Charles Manson's 'right-hand man' Bruce Davis denied parole for seventh time
Gov. Gavin Newsom reversed his parole recommendation on Friday, calling Davis "an unreasonable danger to society"
By Lila Seidman
Los Angeles Times
SACRAMENTO — A convict described as Charles Manson's "right-hand man" won't be walking out of San Quentin State Prison after his recommendation for parole was again rejected by California's governor.
Gov. Gavin Newsom on Friday reversed parole for Bruce Davis, who was convicted of two brutal murders carried out in 1969 with Manson "family" members who terrorized Southern Californians. The governor said in his decision that Davis "currently poses an unreasonable danger to society" if released.
A state panel in January recommended parole for Davis, now 78, marking the seventh time he has been deemed suitable for release, only to have it subsequently blocked. Former Govs. Jerry Brown and Arnold Schwarzenegger also previously reversed the parole board's decisions.
Michael Beckman, an attorney for Davis, said Monday that he wasn't surprised by the reversal, calling it the latest example of California leaders playing politics with his client's life.
Beckman called Davis "the most rehabilitated inmate I've ever represented," and accused Newsom of not wishing to create waves amid his recall.
Davis was convicted in 1972 for the brutal slayings of Gary Hinman, an aspiring musician, and Donald "Shorty" Shea, a stuntman and a ranch hand at the Chatsworth ranch where Manson and his followers lived.
He was not involved with other infamous murders carried out by the Manson family cult, including the killing of pregnant actress Sharon Tate and six others, also in 1969.
Manson, who died in 2017, was repeatedly denied parole, as have most of his onetime acolytes.
During his 50 years behind bars, Davis has never been disciplined for violence and completed multiple self-help programs, his attorney said. He has earned several degrees, including a master's and a doctorate, and vocational certificates.
Newsom acknowledged that Davis "has made efforts to improve himself," but said they were outweighed by "negative factors" that made him unsuitable for release, including the heinous nature of the crimes that spread terror during that summer.
Davis "joined one of the most notorious cults in American history and actively aided in furthering Charles Manson's goal of triggering an apocalyptic war arising from racial tensions and with the goal of creating societal disorder," Newsom wrote.
He said the crimes the group "committed to achieve this goal are among the most disturbing reported in our state's history."
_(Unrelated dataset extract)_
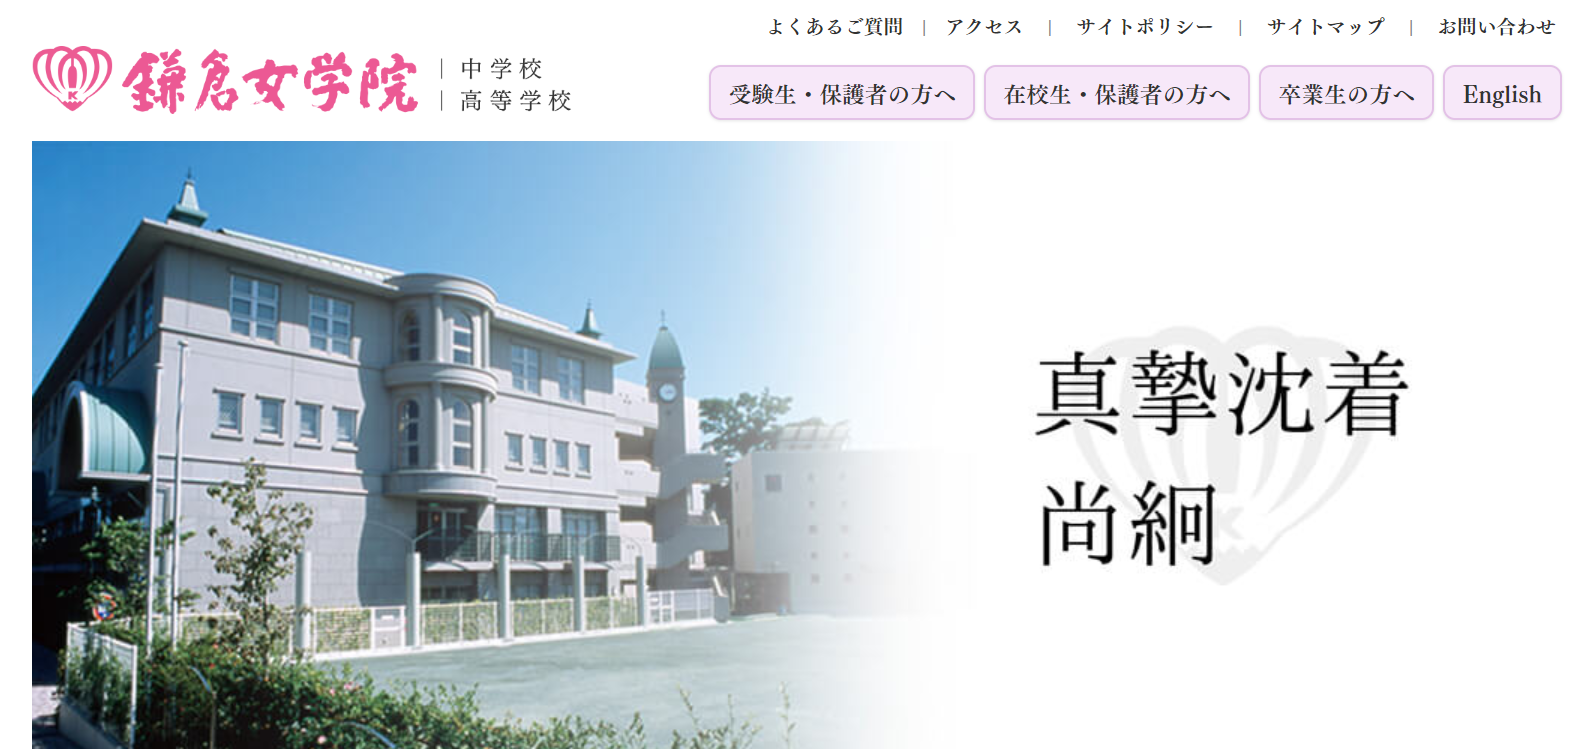 鎌倉女学院高校の口コミ・評判

Manson and several followers identified Hinman in July 1969 as a potential source to support their cult's move to the desert, according to the parole release review. Davis dropped off three members of the Manson group at Hinman's Topanga Canyon home.
After Hinman refused to comply, Davis and Manson returned to the home, where Davis held a gun on the victim and Manson sliced his face from ear to chin. Two days later, fellow Manson follower Robert Beausoleil stabbed Hinman in the chest and smothered him with a pillow. The group wrote "political piggy" and drew an animal paw print on the walls using Hinman's blood.
The next month, Manson told his followers that Shea was a police informant and was working with a neighbor to remove the group from the movie ranch where they were living.
Manson and Davis, with fellow cult followers Steve Grogan and Charles "Tex" Watson, drove Shea to a secluded area, where he was stabbed to death. Davis admitted that he cut Shea with a knife from his collarbone to his armpit, claiming Manson ordered him to cut the victim's head off, according to the parole release review.
Grogan, who was also convicted in Shea's murder and helped lead authorities to the site where the victim was buried, was paroled from prison in 1985.
Newsom wrote that Davis continues to minimize his role in the two killings he participated in and lacks insight into how he became implicated in such grisly crimes.
Davis "does not understand that it was his agreement to participate in Mr. Manson's plans that resulted in the torture and murder of his victims, regardless of whether he ultimately inflicted the fatal blows," Newsom wrote, concluding that it "may make him vulnerable to repeating these patterns in the future."
Beckman, however, said that Davis takes responsibility for what he's done and that degree of individual culpability matters in terms of punishment. He denies Davis was a vital assistant to Manson, or a "right-hand man," as prosecutors have claimed.
"He's been held almost 50 years ago as an accomplice," Beckman said, adding that if the crimes hadn't been associated with Manson, "he'd have been out years ago."
Davis' next parole suitability hearing is tentatively set for July 2022. Beckman is considering appealing Newsom's decision.
Most of the key players in the Manson murders — including Watson, Leslie Van Houten and Patricia Krenwinkel — continue to serve life sentences, although parole has also been repeatedly denied to them.
Manson follower Susan Atkins, who stabbed actress Sharon Tate to death more than 40 years ago, was denied parole even when she was terminally ill. She died in September 2009.